Ethereum <-> Polygon

The portal for moving between Ethereum and Polygon is https://wallet.matic.network/bridge/.

1. After connecting your wallet, it will direct you to the following page.

2. Press the 'Move funds from Ethereum to Polygon' button, and you will see the bridge interface as below.

3. Select 'Phoenix Token' from the drop-down menu.

4. Press transfer button and it will trigger the cross-chain transaction.
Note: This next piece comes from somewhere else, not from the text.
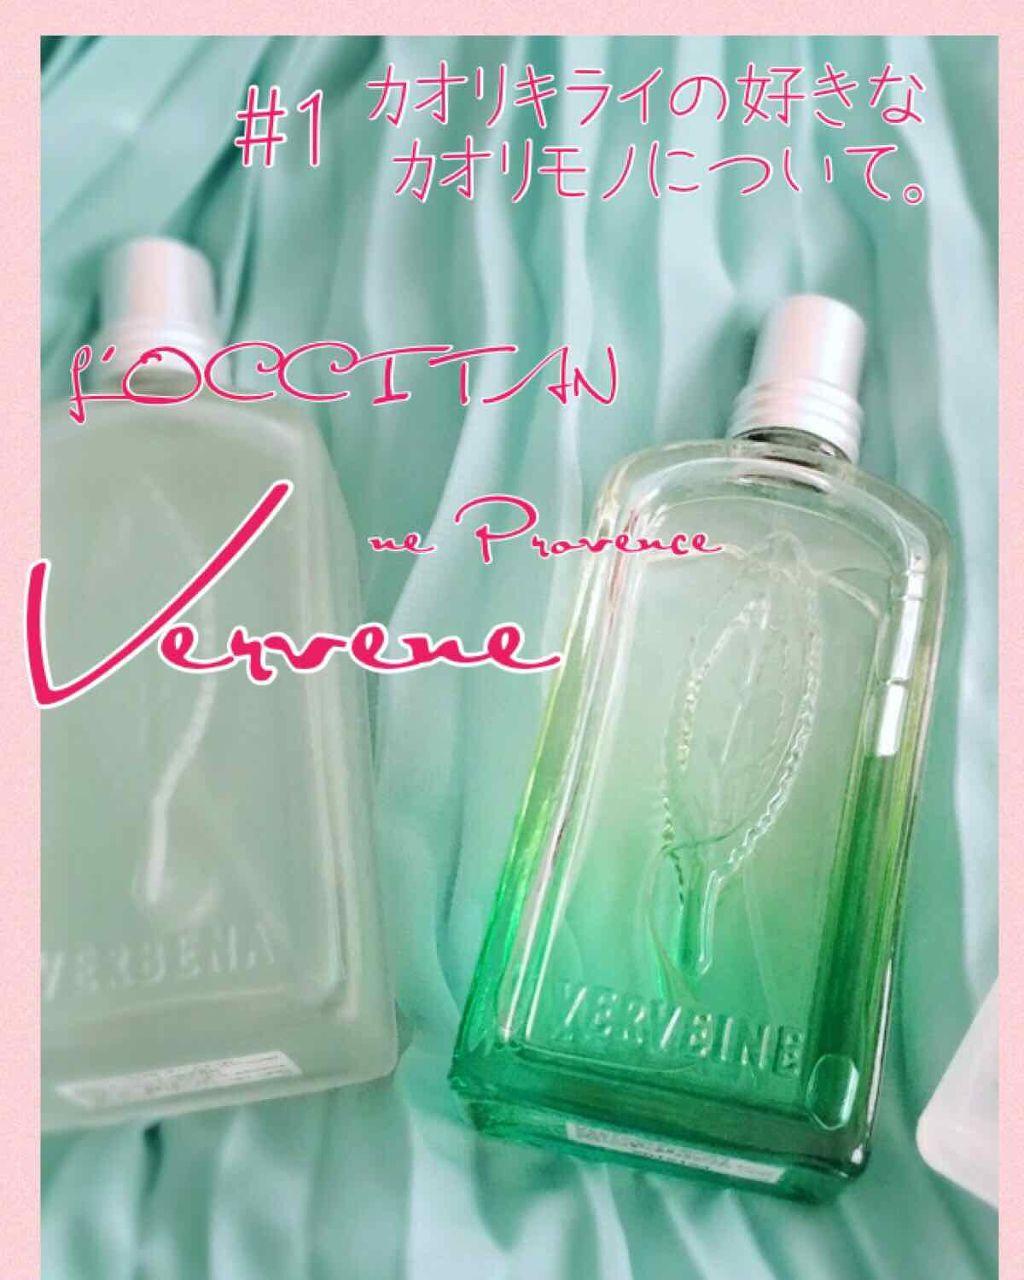 d4098d24ce5e L'OCCITANE ヴァーベナ オードトワレ(香水(メンズ))を使ったクチコミ
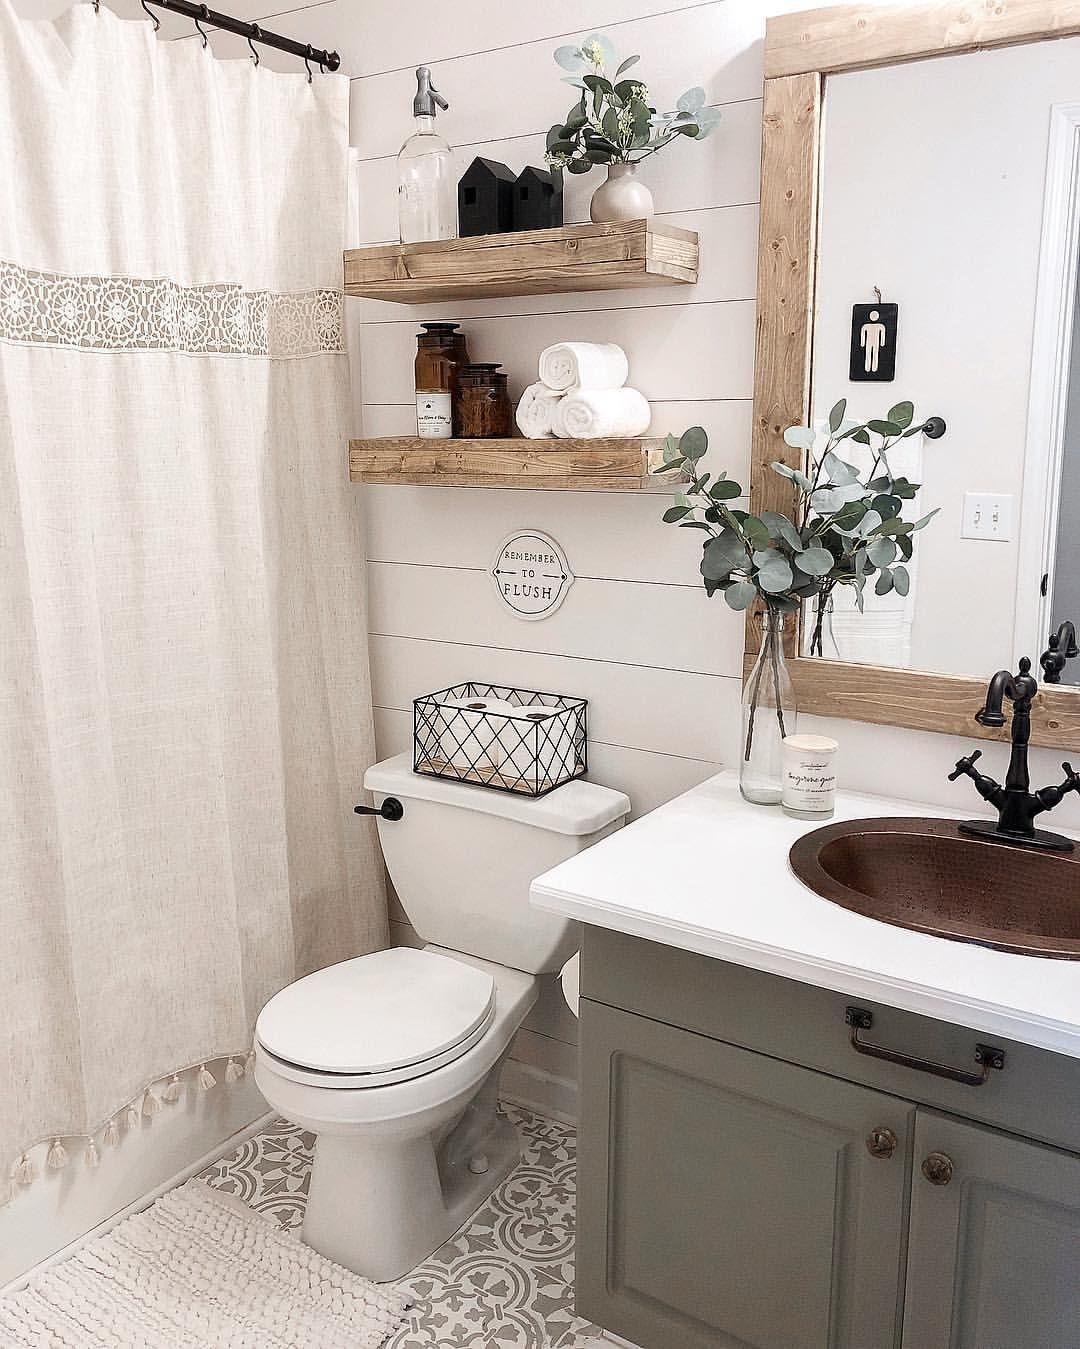 Copper Sink Bathroom Framed Bathroom Mirror Painted Bathroom Vanity Floating Shelves Wood Shel Small Bathroom Decor Small Bathroom Remodel Rustic Bathrooms

It may take a few minutes to complete.

Ethereum <-> BSC <-> Wanchain

Wanchain is providing decentralized bridges for moving assets across Ethereum, BSC and Wanchain at https://bridge.wanchain.org/.

1. Select PHX from the drop-down menu at the top right as below.

2. You will get to the following interface, then select the desired chain you intend to bridge your PHX tokens to. Then press 'convert'.

3. After connecting your wallet, it will direct you to the following page. Input your destination address and amount in the blanks and confirm the transaction.

4. It may take a few minutes to complete the cross-chain transactions.